On April 22, 2021 10:50:34 PM GMT+02:00, Eli Schwartz <eschwartz@archlinux.org> wrote:
On 4/22/21 3:46 PM, anthraxx@archlinux.org wrote:
From: Levente Polyak <anthraxx@archlinux.org>
If a makepkg consumer uses a build wrapper to override compiler flags this may lead to unreproducible packages as there is no way to know which exact files were used for tooling that tries to reproduce said package.
Instead of vendoring the whole used makepkg.conf file into buildinfo, this patch adds two new properties to the .BUILDINFO file named BUILDTOOL and BUILDTOOLVER which by default are simply makepkg's own values. Downstream consumers may override those values: For example in Arch Linux the devtools package can set those values and allow reproducible builds tooling to fetch the appropriate makepkg.conf.
I still believe we should be adding the specific parts of the makepkg.conf which are relevant -- the *FLAGS variables -- and previously submitted a patch to that effect.
If we go the route you're suggesting, then does that mean devtools will install e.g. /usr/share/devtools/oldconfigs/makepkg-{date}.conf or are rebuilder tools supposed to clone devtools and check out the right version?
I personally believe this is a more universal approach with less future maintenance instead of trying to replicate whatever flags get added into every single artifact that gets built.
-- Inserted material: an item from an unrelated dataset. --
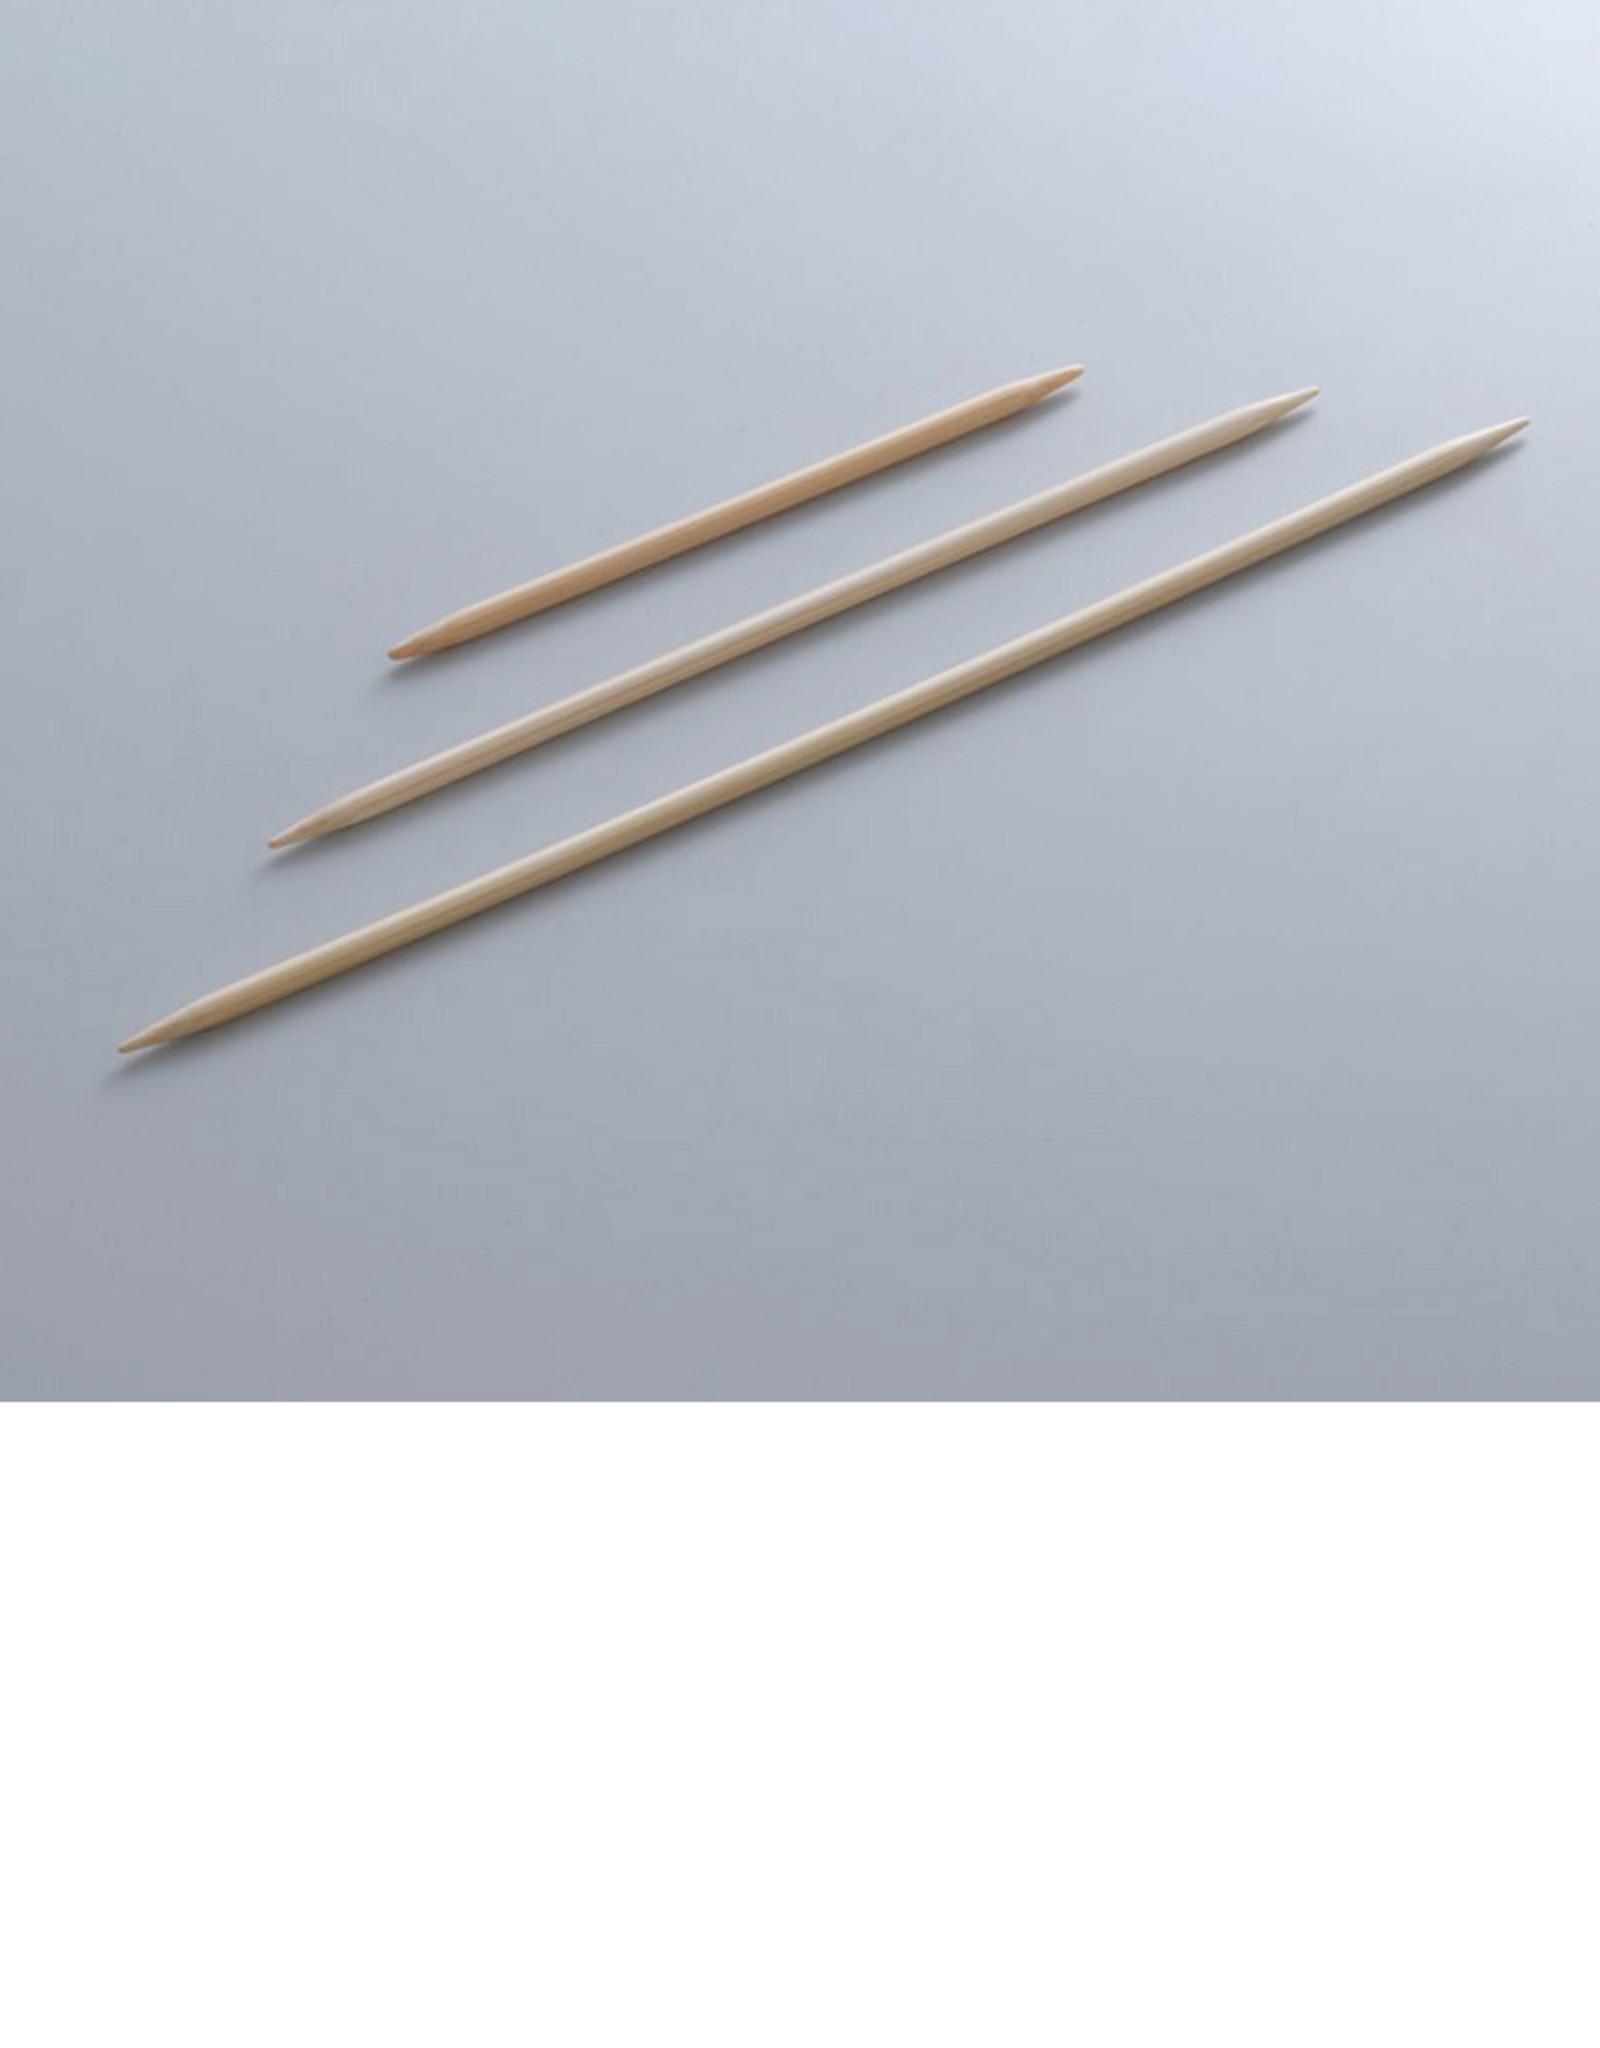 Kinki Amibari KA Double Point Needles US 8

Reproducer tools need to have distro aspects and specific domain knowledge anyway, I believe grabbing a makepkg config file from the source tree based on an identifiable tag is within what's reasonably trivial.
If we're delegating to a buildtool version, should we simplify .BUILDINFO by removing buildenv/options?
I assume this would make sense if we keep this route, In case the approach won't be NACKed I will send a second patch removing the duplicate properties.